Building Developer Support Agents – Evan Kormos (Coinbase)
Speaker(s): Evan Kormos (Engineering Manager, Coinbase)
Session: Interrupt 2026 · Day 2 (May 14) · ~3:10 PM PT
Source: in-person audio recording, transcribed locally with Whisper large-v3.
Summary
Evan Kormos, an engineering manager at Coinbase, tells the story of how a small developer-support engineering team went from zero to one on a self-improving, customer-facing AI support system for crypto developers. The Coinbase Developer Platform serves developers building on crypto APIs, wallets, payments, and staking; the original support model was people posting and answering in a Discord server, with a v1 hosted chat service that worked but offered no visibility into how it was performing beyond manually tallying thumbs up/down. The team rebuilt around an agentic foundation: delivery channels in Discord and on the web, Python services as first-class infrastructure, self-hosted LangSmith for tracing, a remote MCP server for developer documentation backed by a RAG fallback (vector DB) for reliability and testing, and LLM-judge evaluation of responses for accuracy and risk using a lightweight model.
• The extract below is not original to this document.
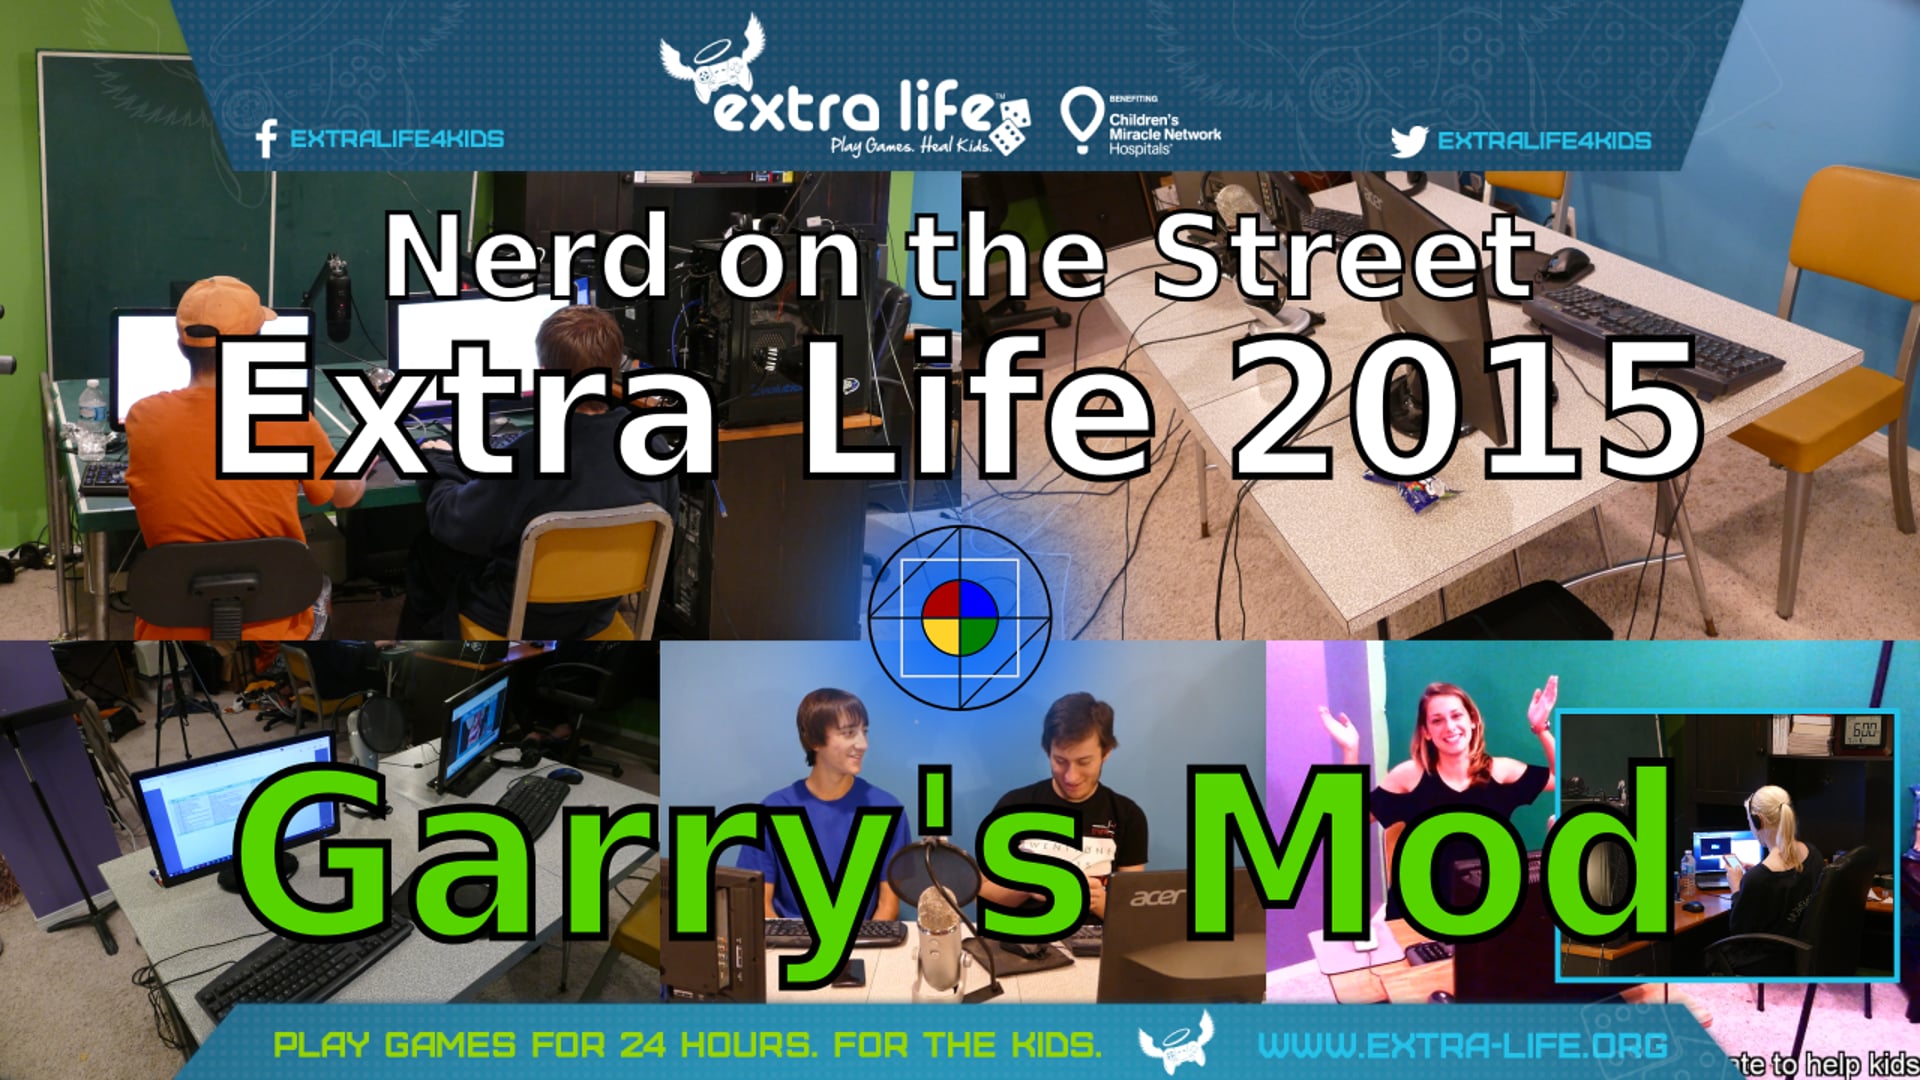 Garry's Mod - Extra Life 2015
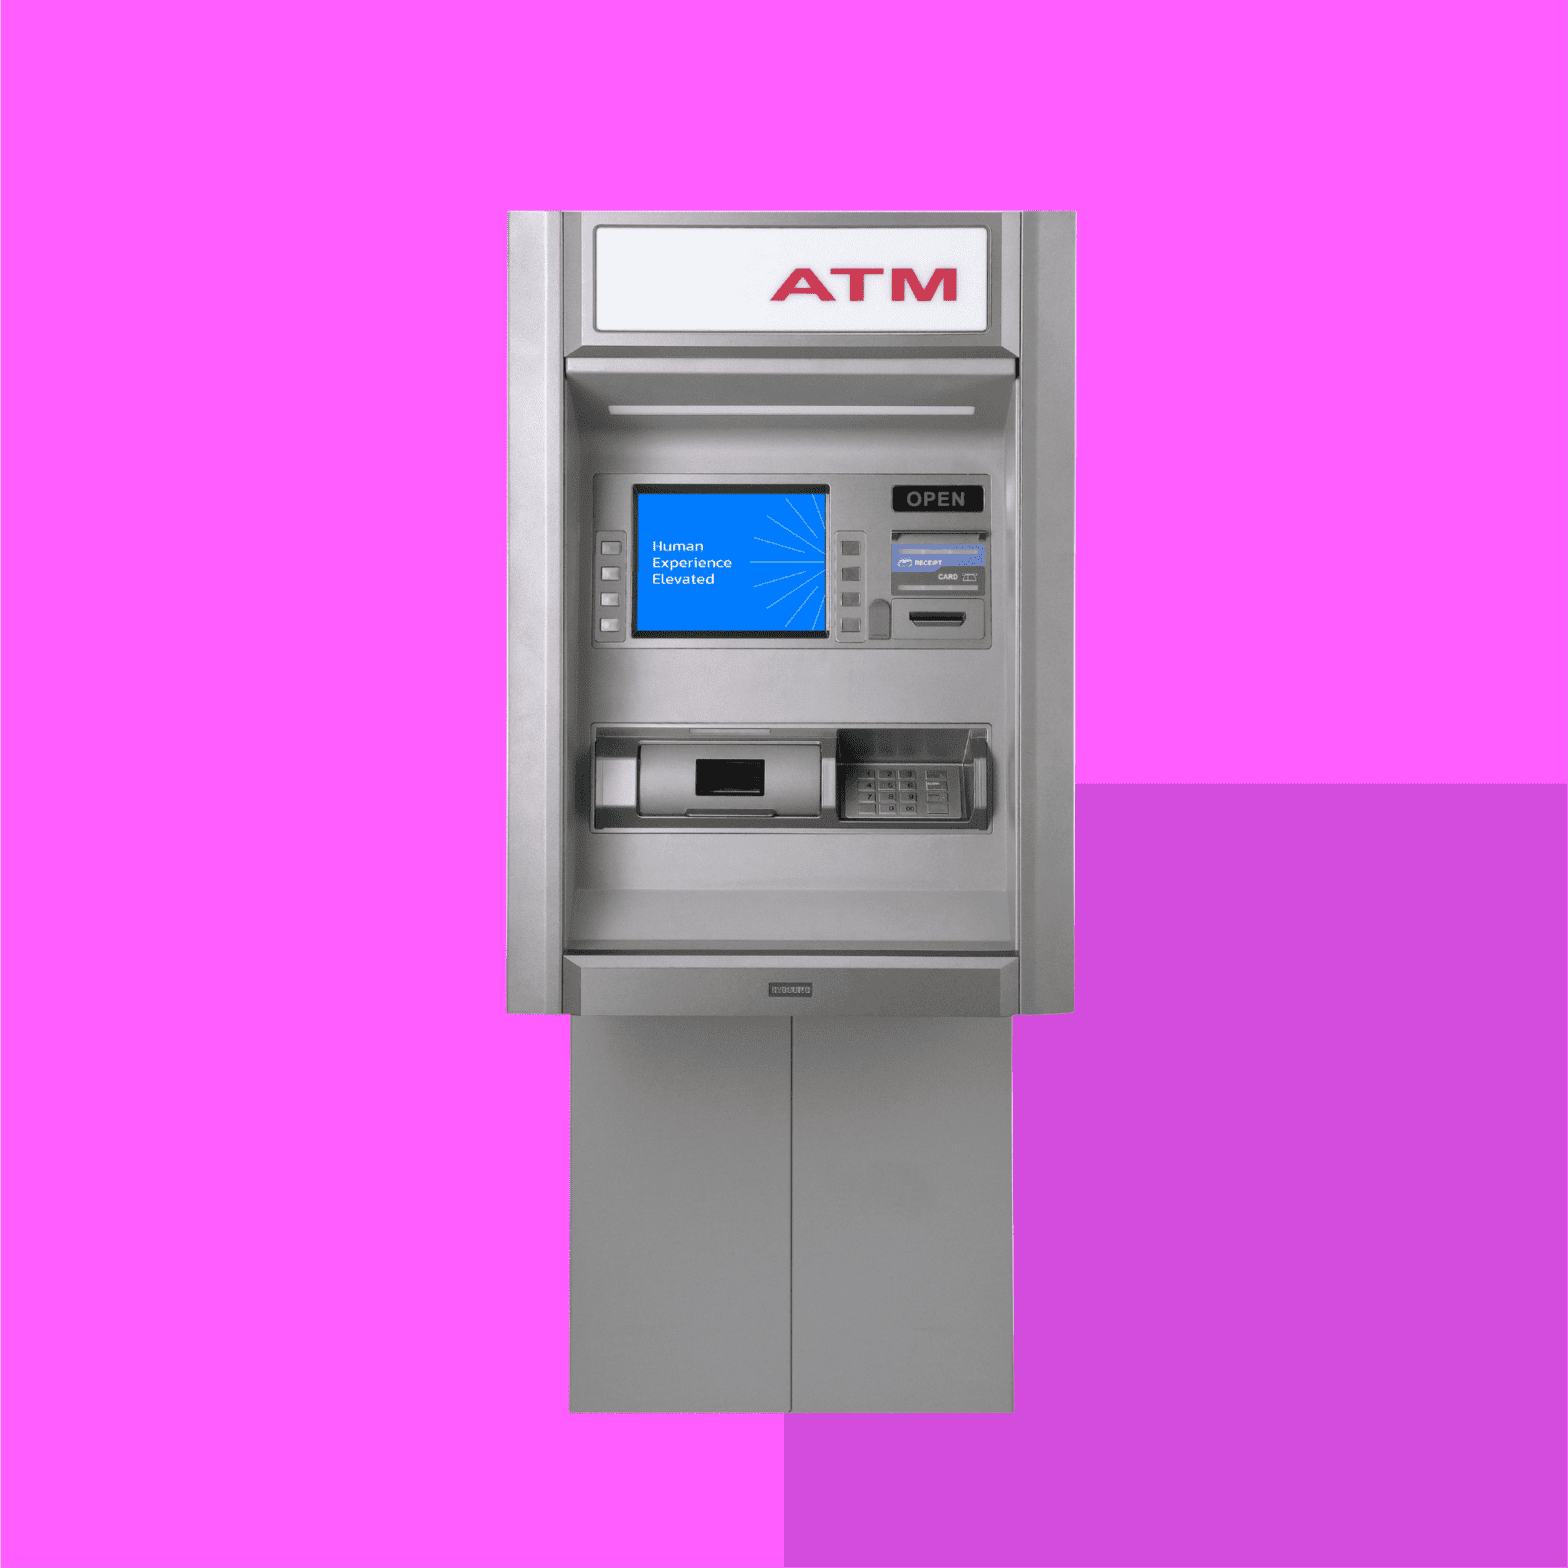 MX5100T, 벽면 통과형 ATM 이미지

He demos several agents (Discord AI Chat, a Slack triage agent surfacing Discord activity with links to LangSmith traces, and an internal React-based support assistant) and describes an intent-based workflow that goes from traces and signal search ('just looking at the traces') through tech grooming, testing, cross-model evaluation, and human approval into production. His three takeaways: treat agent engineering as its own discipline, build the glass box before the agent, and the team is the multiplier.
Key Points
- The Coinbase Developer Platform powers a community building on crypto APIs, wallets, payments, staking, and infrastructure; the original support model was people posting and answering in a Discord server, later augmented with AI chat
- The v1 hosted Discord chat service 'was fine' and answered questions, but docs went stale and the team had no visibility — manually tallying thumbs up/down and 'really had no idea what was wrong'
- Rebuilt system design: keep customers where they are (Discord and web), provide quality tools for support on the backend, and make Python services a first-class infrastructure (the team's first service)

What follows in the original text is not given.